Session 3: Short Research Talks, 1:00 - 1:45pm

  • De novo assembly of transcriptomes and genomes
    Adrian Reich (Wessel Lab, MCB)
    Echinodermata is a diverse phylum that spans 500 million years of evolution but the vast majority of known genetic information within the phylum is from a single species of sea urchin, S. purpuratus. In the current study we have sequenced and assembled de novo transcriptomes of ovaries of twenty different species, representing all five families of echinoderms. The goals of this dataset are to identify orthologous genes, resolve the phylogenetic relationships of extant echinoderms, and identify rapidly evolving genes. In addition we have sequenced the genomes of two echinoderms and are attempting to assemble these de novo.

  • SOWHAT? The Swofford-Olsen-Waddell-Hillis (SOWH) Test of Topologies
    Samuel Church (Dunn Lab, EEB)
    The Swofford-Olsen-Waddell-Hillis (SOWH) test is a probabilistic evaluation of competing phylogenetic topologies.
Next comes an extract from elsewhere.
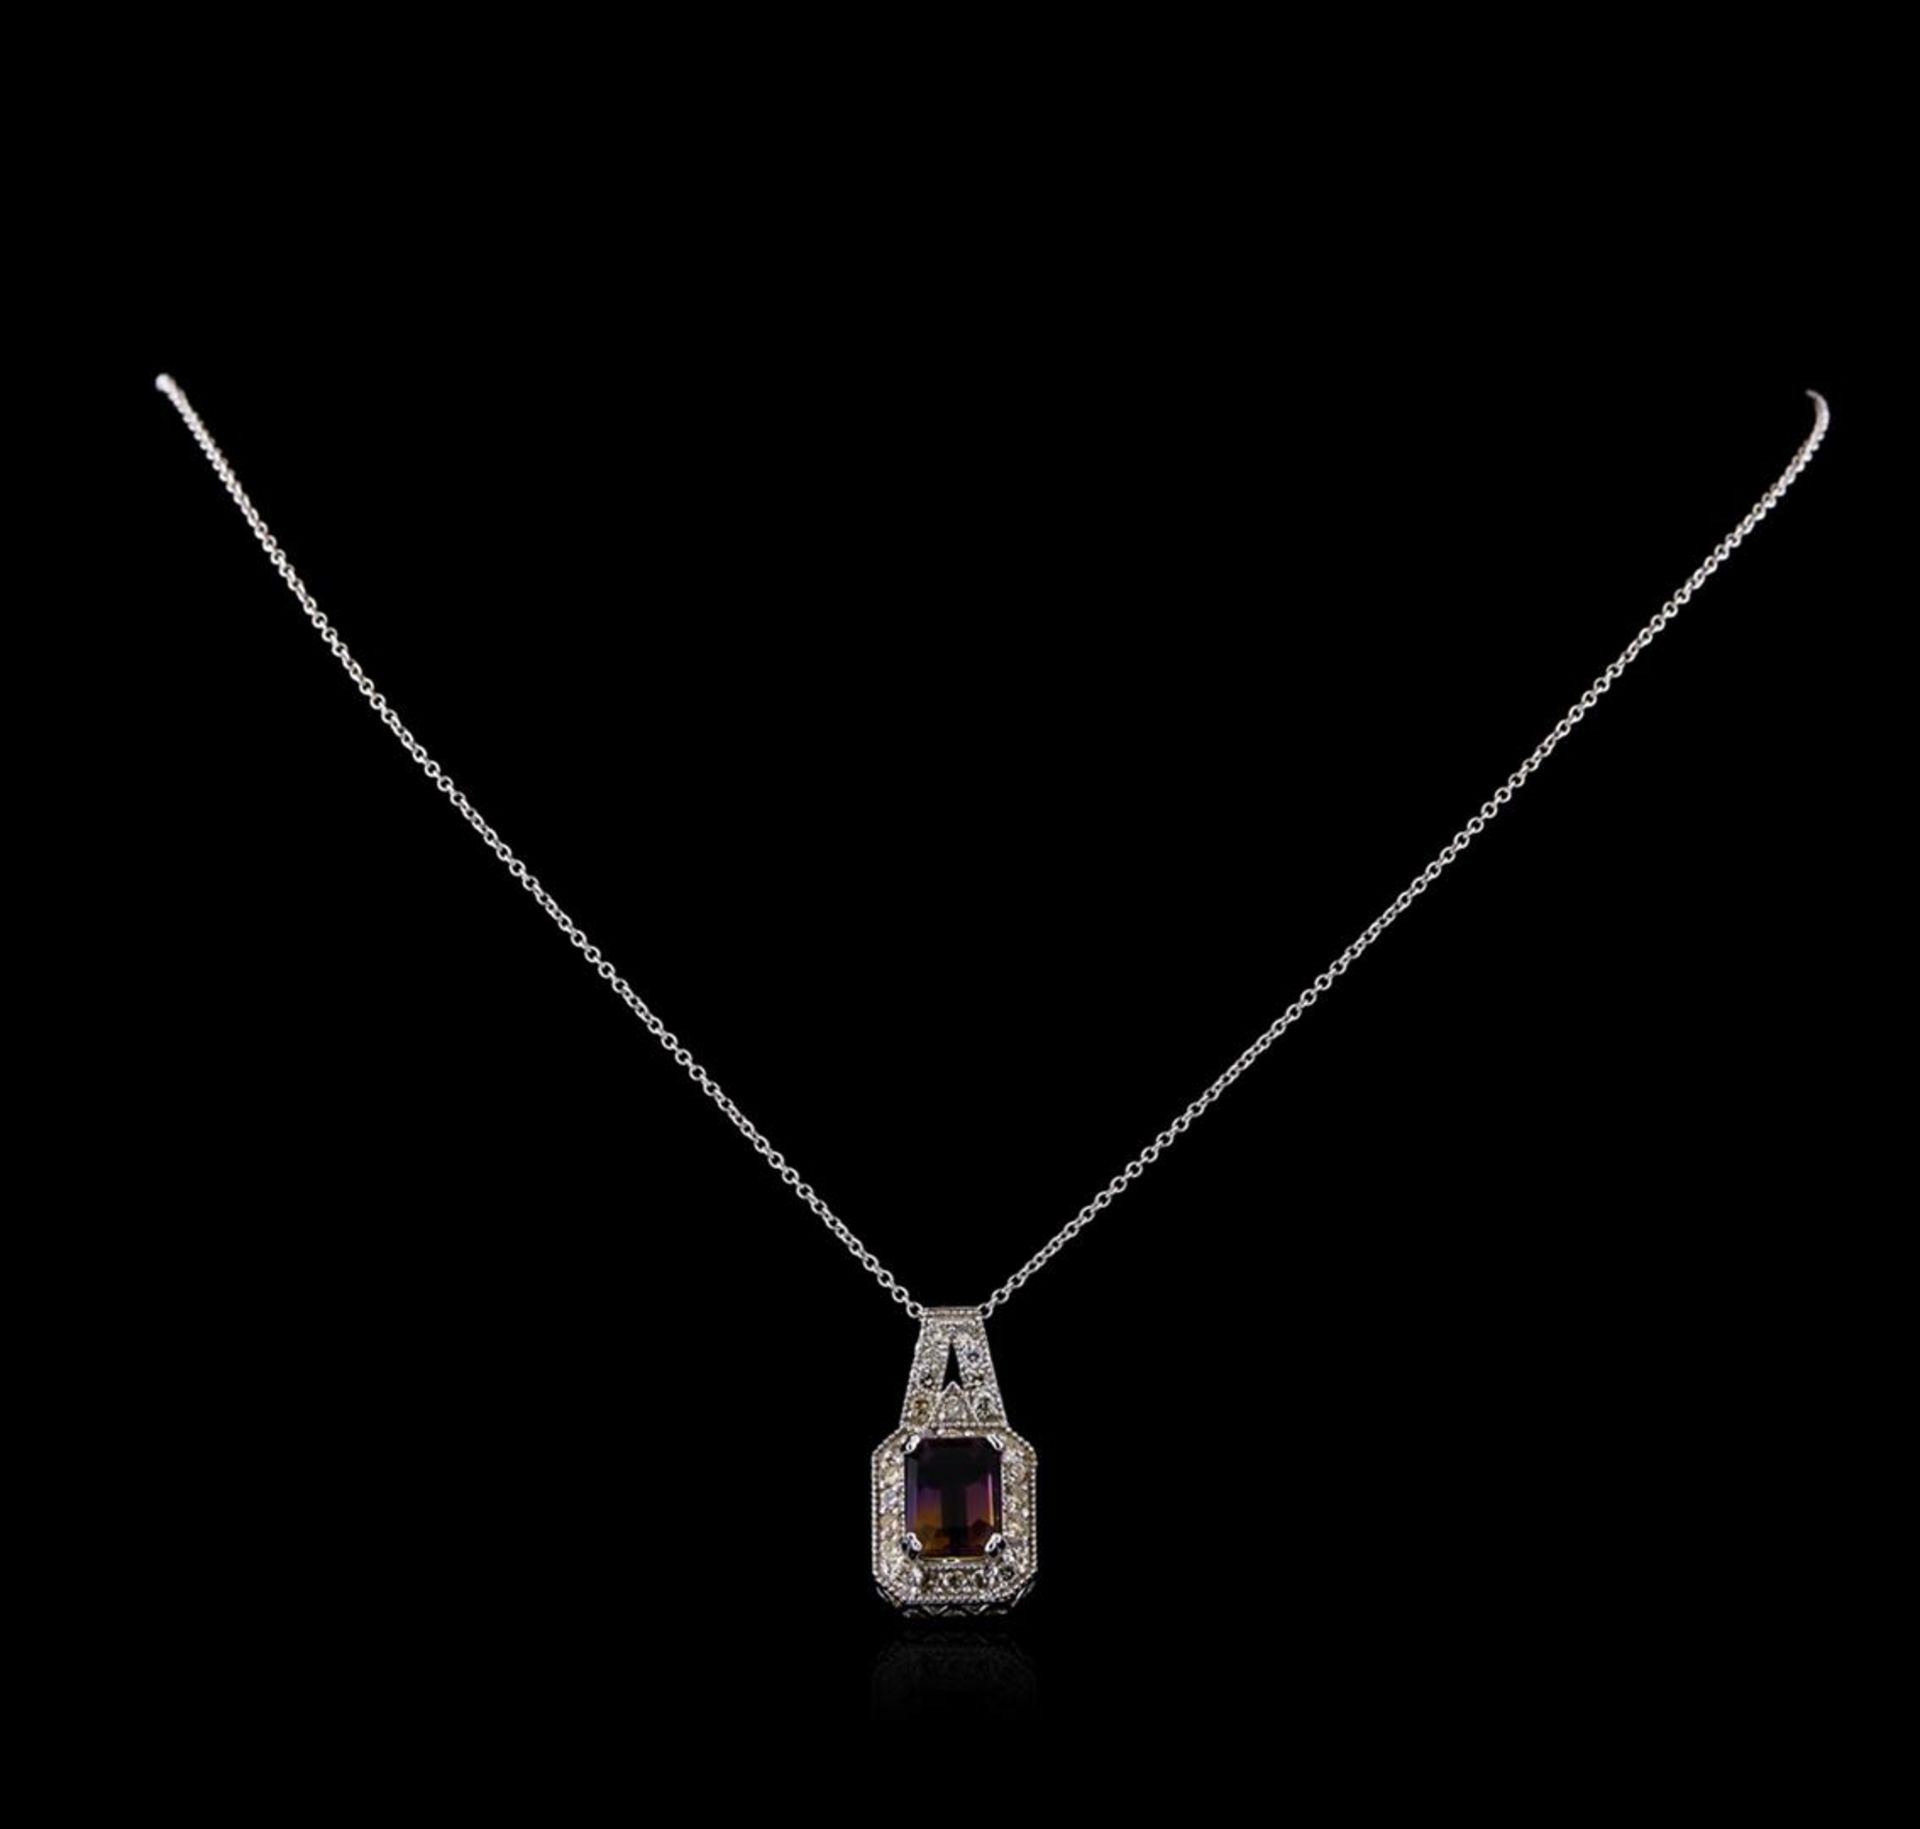 2.75 ctw Ametrine and Diamond Pendant With Chain - 14KT White Gold - Image 2 of 3

Using a parametric resampling approach, the SOWH test creates a null distribution of differences in likelihood values and tests the observed data against this distribution. This test is currently implemented using a complicated set of instructions which require manual manipulation of data. It also appears to be unreliable for some data sets. We present a program which automates the complicated steps of the SOWH test, along with a more reliable alternative called SOWHat.

  • Analysis of genomes for drug targets
    Bob Campbell (Brown/MPPB and MBL)
    The initial sequencing of parasite genomes revealed numerous homologs of human drug targets. This led to comparative genomics studies to comprehensively identify candidate drug targets from Neglected Tropical Disease pathogens, contributing to the creation of the WHO-sponsored TDR Targets Database. This also fostered projects to mobilize “old” medicinal chemistry from industry for "new" drug discovery against neglected diseases. Despite this progress, it has remained difficult to produce high-quality drug leads. This short talk will briefly review the work to date, and considerations for integrating bioinformatics approaches with other tools and knowledge to improve outcomes of parasite drug discovery programs.

Session 4: Data Management, 2:00 - 3:00pm

  • Data management is fun
    Casey Dunn (EEB)
    Managing data for a large, data intensive project with multiple researchers can get more complicated than the analyses themselves. I'll discuss some of the challenges we've faced in my lab and how we have approached them.

  • Data Management: Critical Success Factors
    Jaime Combariza (CCV)
    The ready availability of powerful instruments like genome sequencers, telescopes, electron microscopes, and remote sensing devices coupled with the increased capability of supercomputers to process vast amounts of information has resulted in an explosion of data (4th paradigm of science) that poses challenges not only to analyze it and move science forward but also -- and perhaps more importantly -- for the proper management and curation of this data. These challenges include: planning for data management; documentation and metadata; data structure and organization; security and backup; citation; dissemination; and sharing, In this talk I will describe best practices on data management that are recommended to researchers and if properly applied will strengthen collaborative endeavors (technical and scientific) between researchers and the unit/center that may be the stewardship of the data. These best practices are also critical components of a "data management plan," which is a requirement for some funding agencies.